**EXERCISE INSTRUCTIONS:**
The lines to be extracted begin at the line containing "Thames Valley Archaeological Services" and end at the last line of the data below; copy them exactly and leave out the pictures.

**DATA SECTION:**
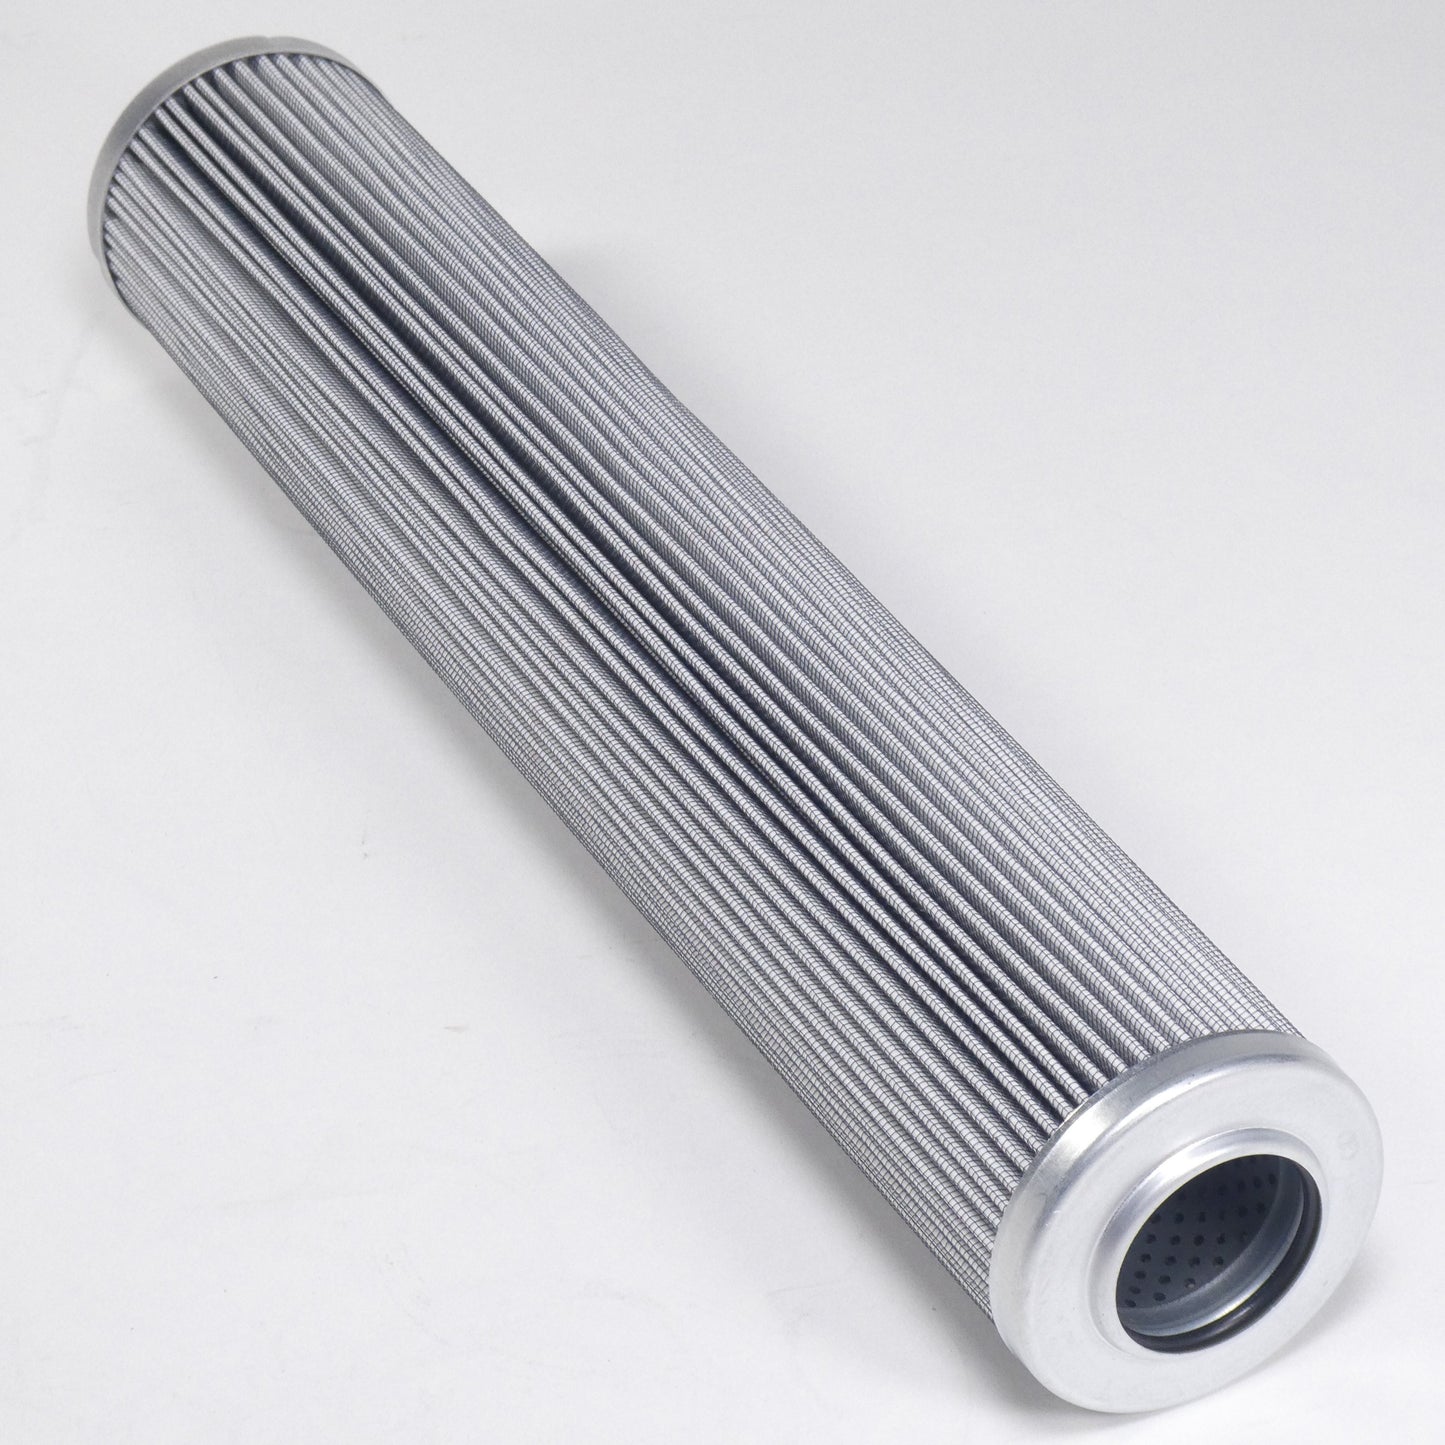 Hydrafil Replacement Filter Element for Western 551709
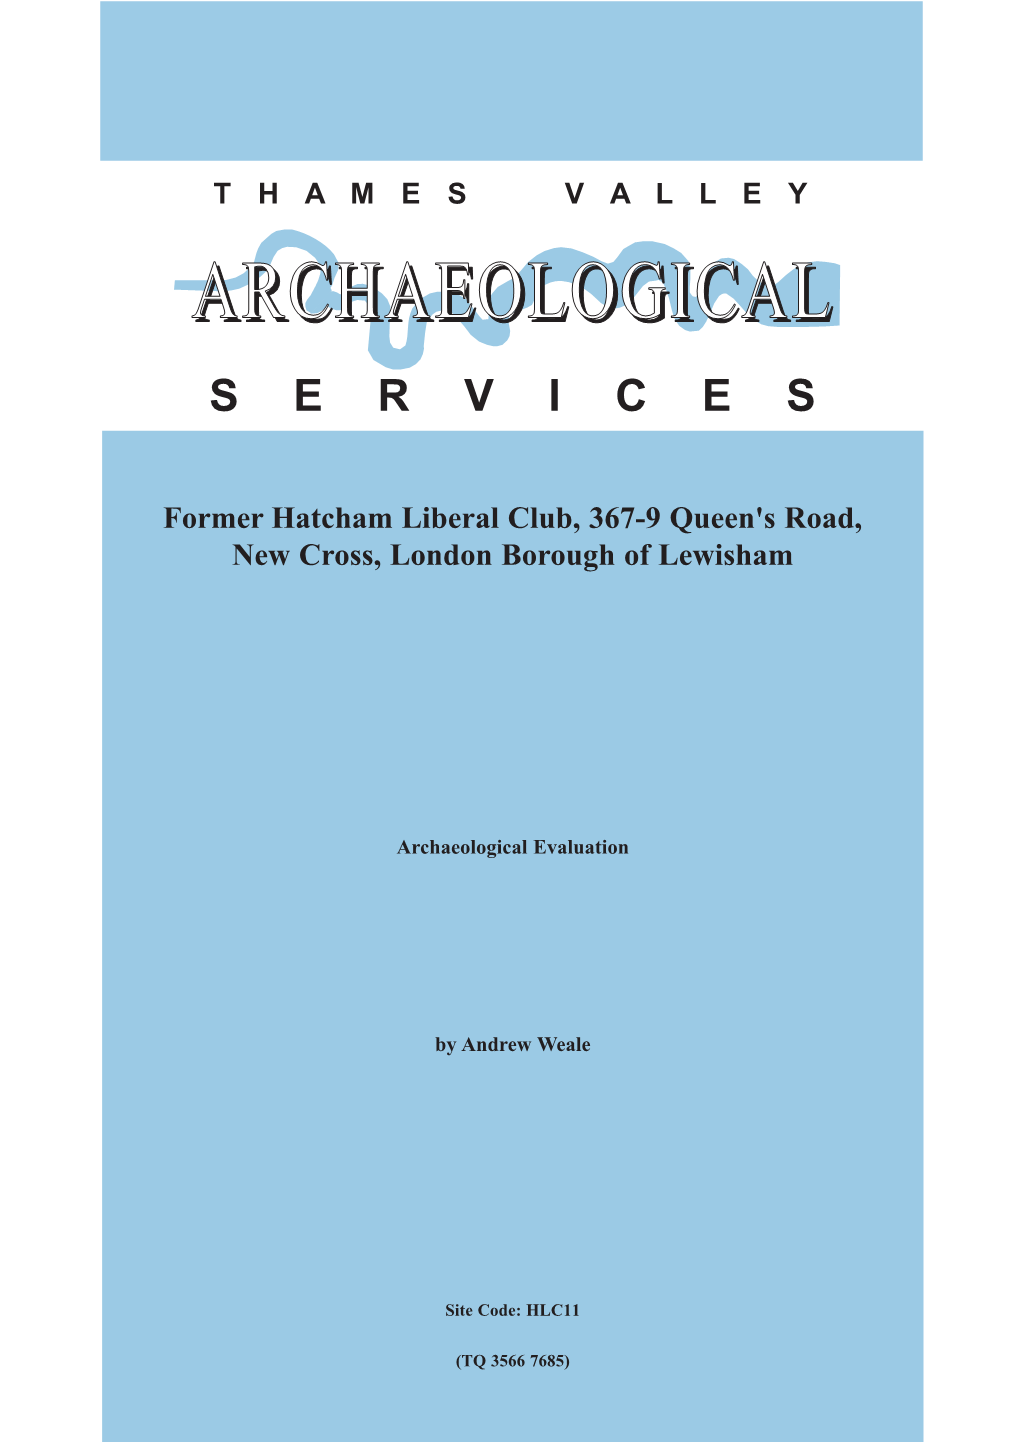 Thames Valley Archaeological Services
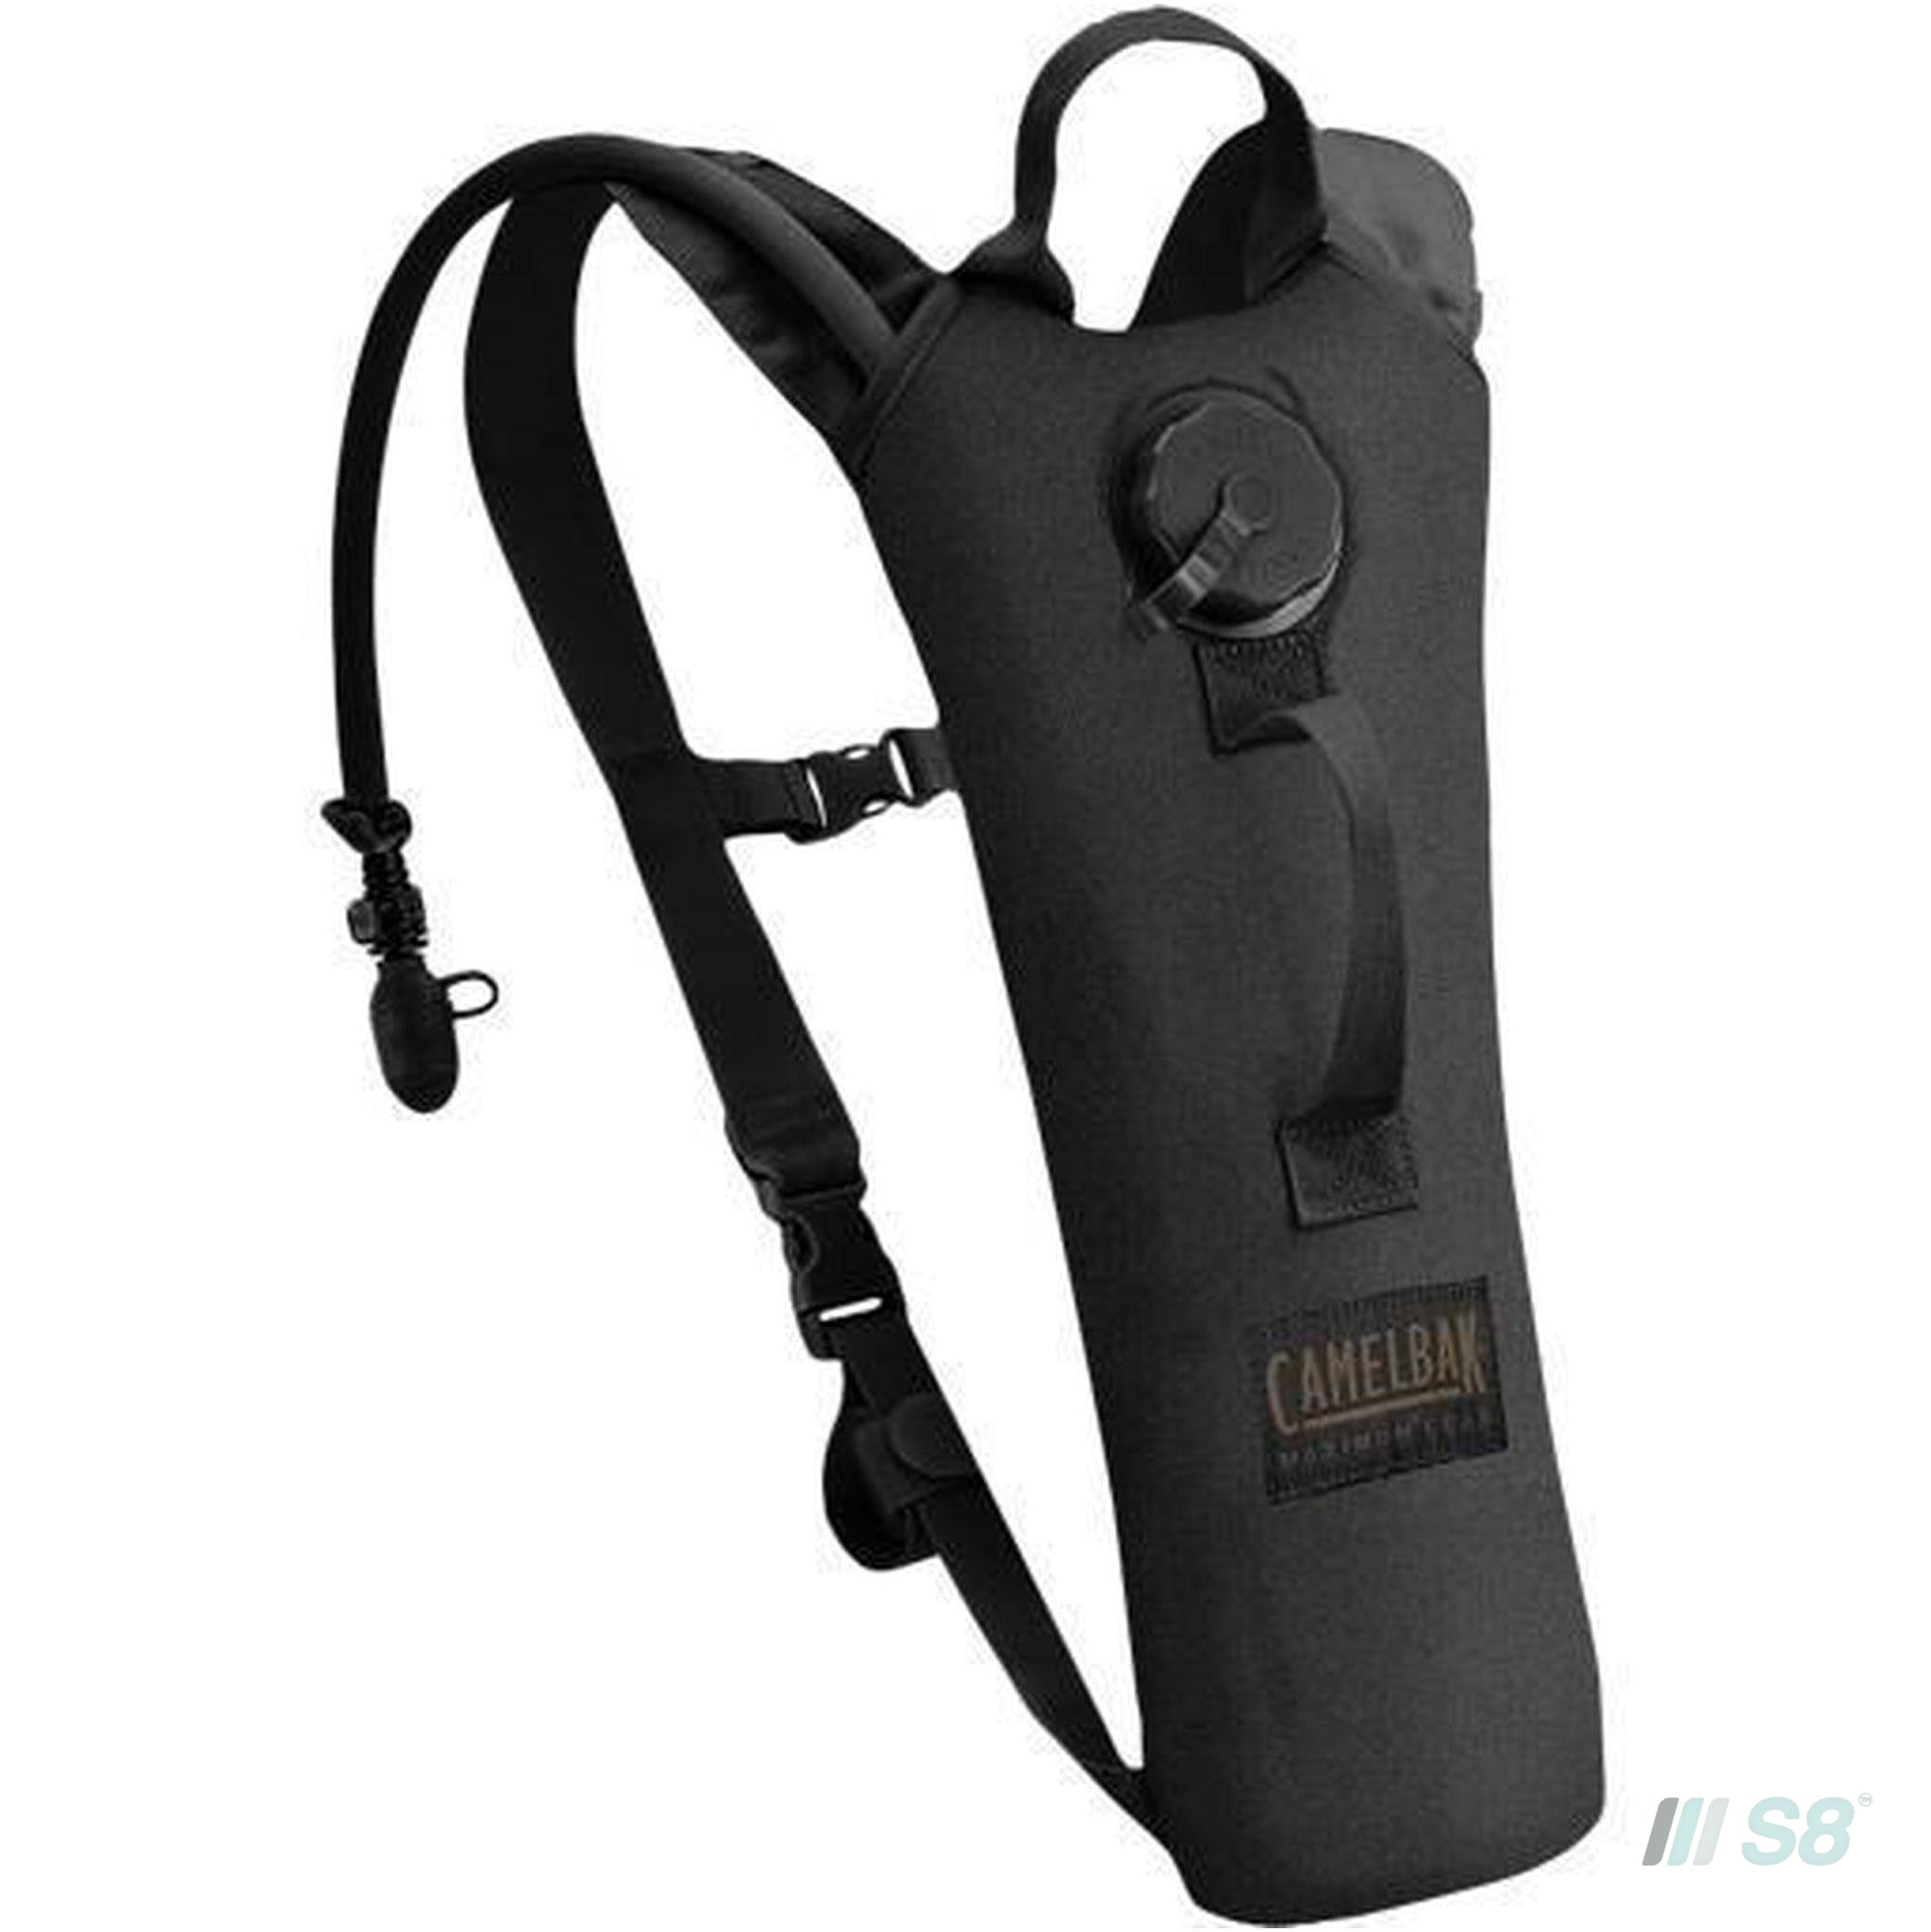 Camelbak Thermobak 2L Military Long Neck Hydration Pack - Black-Camelbak-S8 Products Group

**SOLUTION TO THIS EXERCISE:**
 Thames Valley Archaeological Services
 Camelbak Thermobak 2L Military Long Neck Hydration Pack - Black-Camelbak-S8 Products Group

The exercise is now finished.